In Derby the snacking immediately begins mere metres from alighting the bus. I get some wholefoods as a treat (spelt and walnuts) while Sonia gets superb plain crisps and ginger kombucha. Then we pick up off-brand baked goods on the way to the (closed) post office: veggie sausage roll, tepid, and cheese slice, piping, for a combined £1.50. We decide a mid-afternoon screening of Empire of Light holds the best chance of staying awake and get a coffee each to make sure. The classic M&Ms barely reach me, crispy ones get munched in consolation.
While deliberating a dinner spot we have a couple of rounds in Ye Olde Dolphin Inn and take a punt at walking across the city for a neapolitan pizza in the backyard of a hotel called Mr Grundy's. The labyrinthine reception rooms are full of taxidermy, navy uniform and rock'n'roll memorabilia, plus the obligatory red Chesterfield couches. It has the aura of Snoopers's Paradise in Brighton, a multi-storey junk shop / antique store that can easily swallow you and swap your money for tat. The landlord looks solid and sups a pint of bitter while making our round.
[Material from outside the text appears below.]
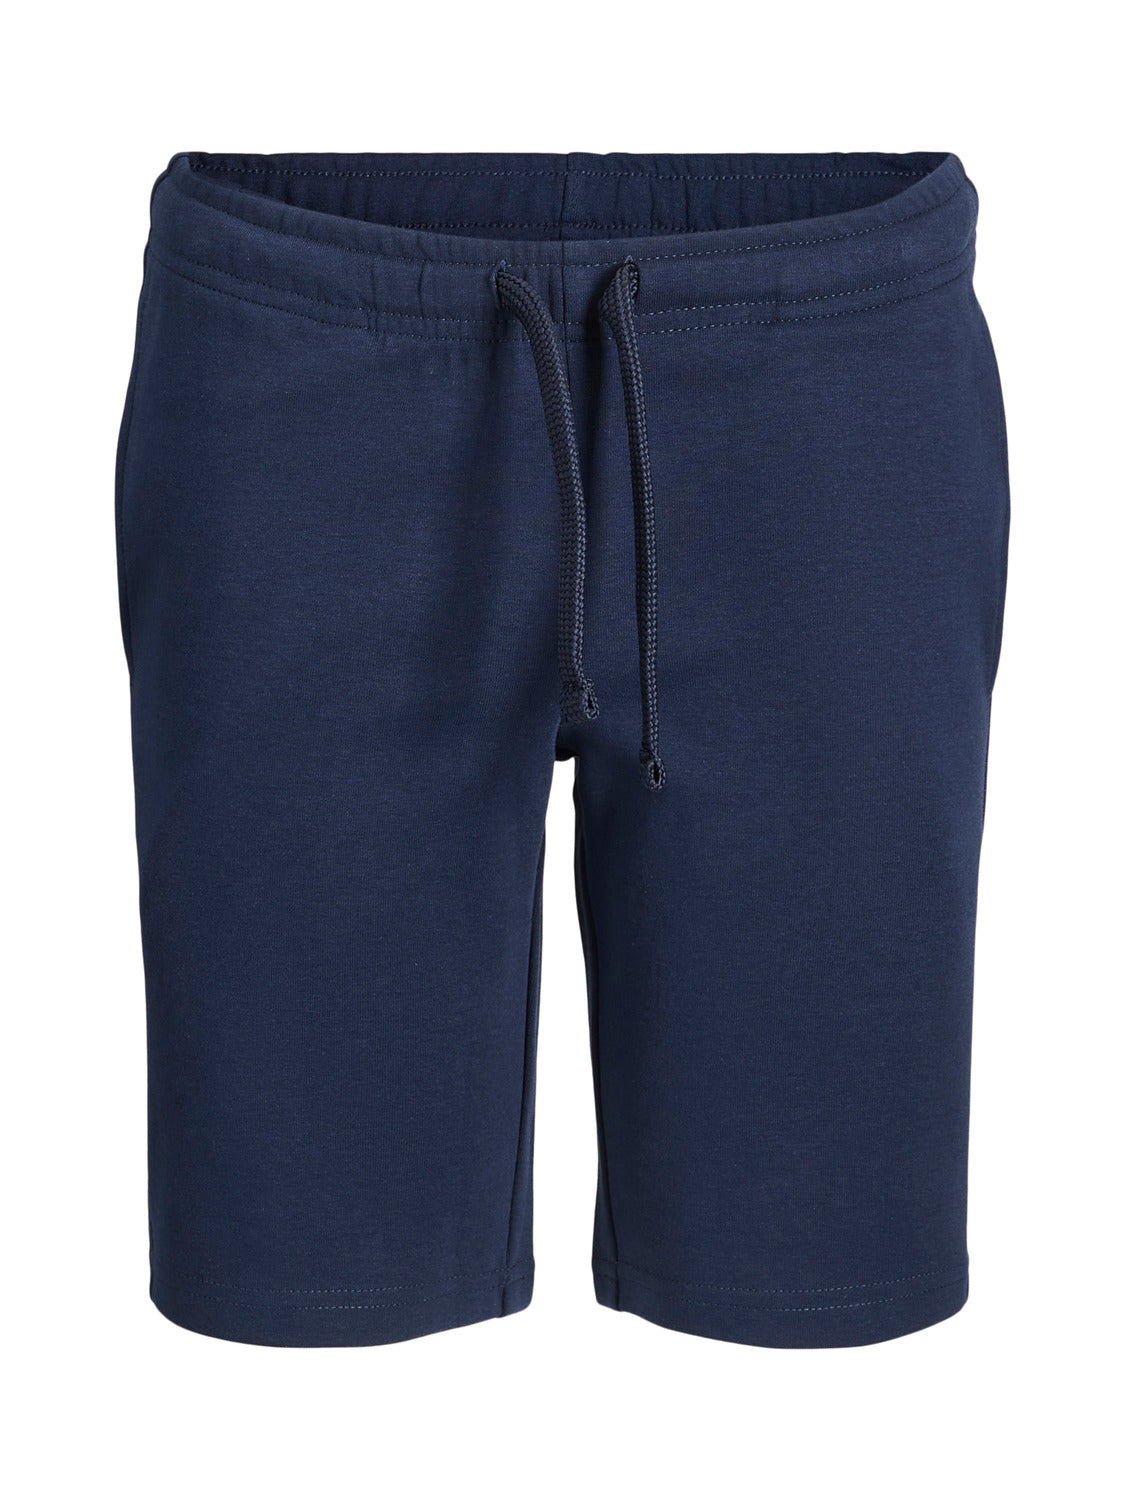 JPSTBASIC Shorts - Navy Blazer
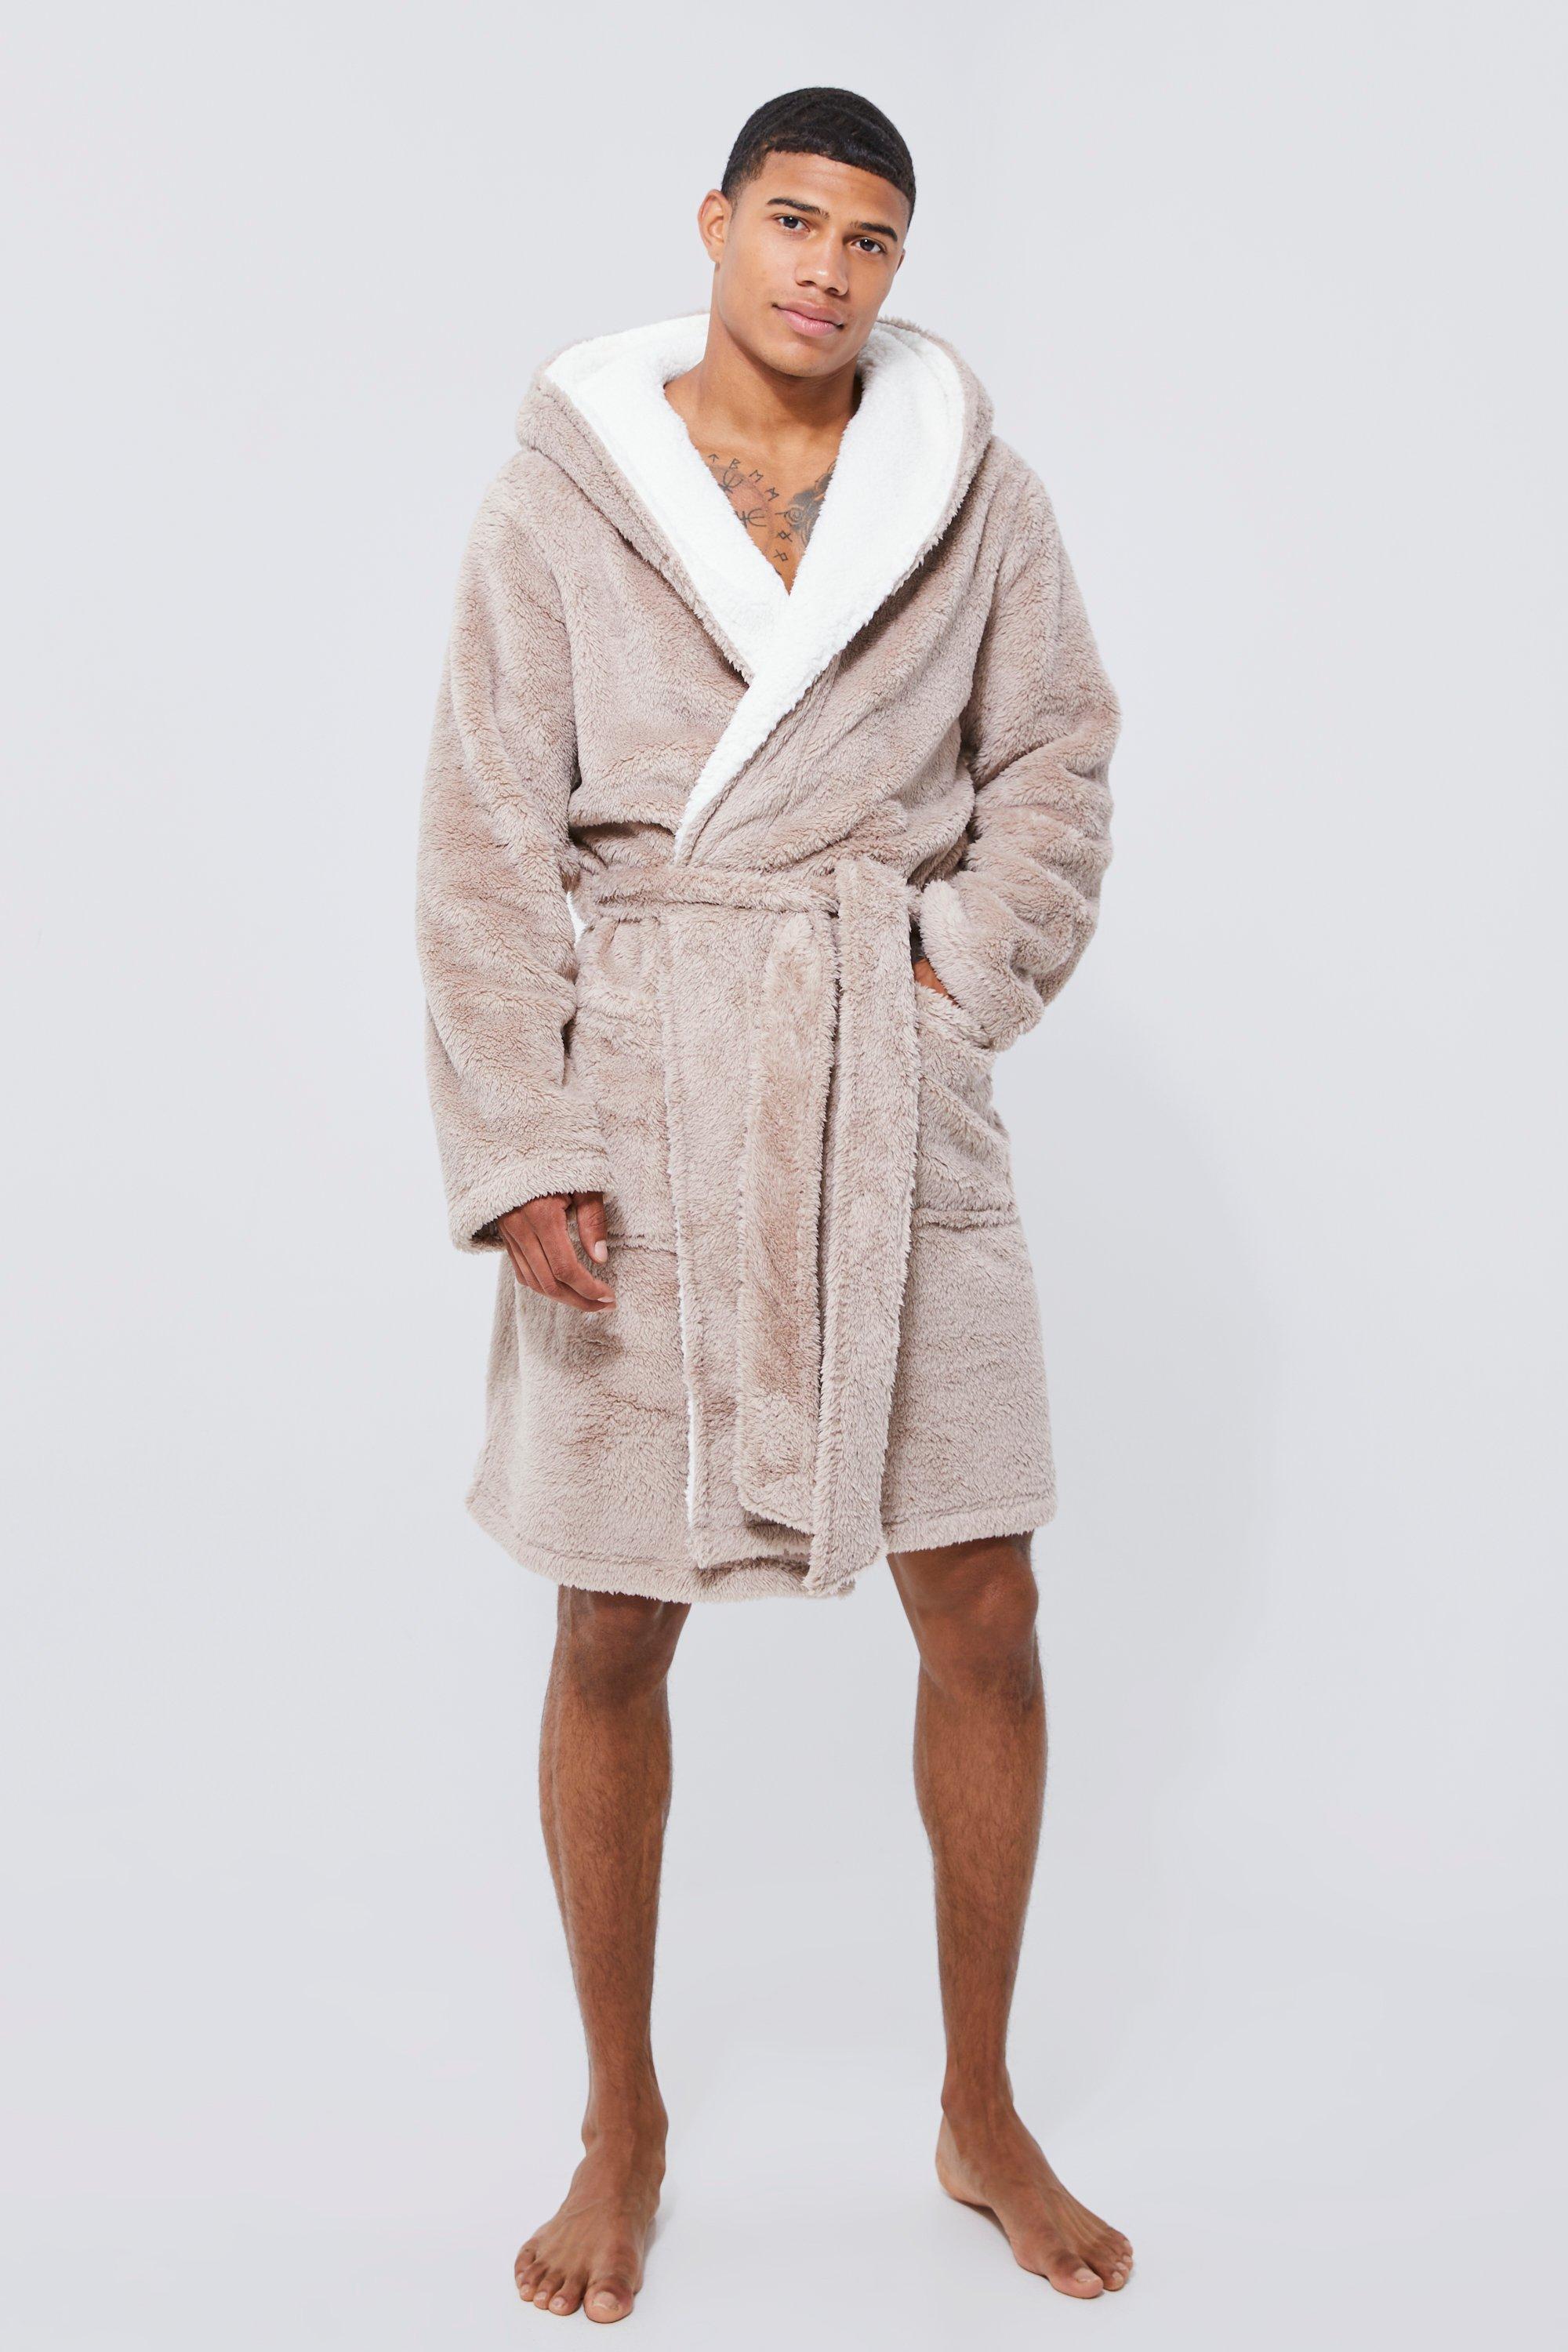 dressing gown de chambre en polaire à capuche homme - taupe - xl, taupe

The pizza is very good; a fine charred crust; sweet tomato base; creamy imported cheese. The garlic mayo is bought in but surprisingly stiff and spicy. We also get fries to celebrate probably our only meal out this month. So full yet I'm thinking about getting limoncello, except we have to dash back across town for a rare bus.
I sip the hot water in my flask then chug cold water with lemon rounds from a ceramic pitcher next to the bed, completely satisfying my citrus craving.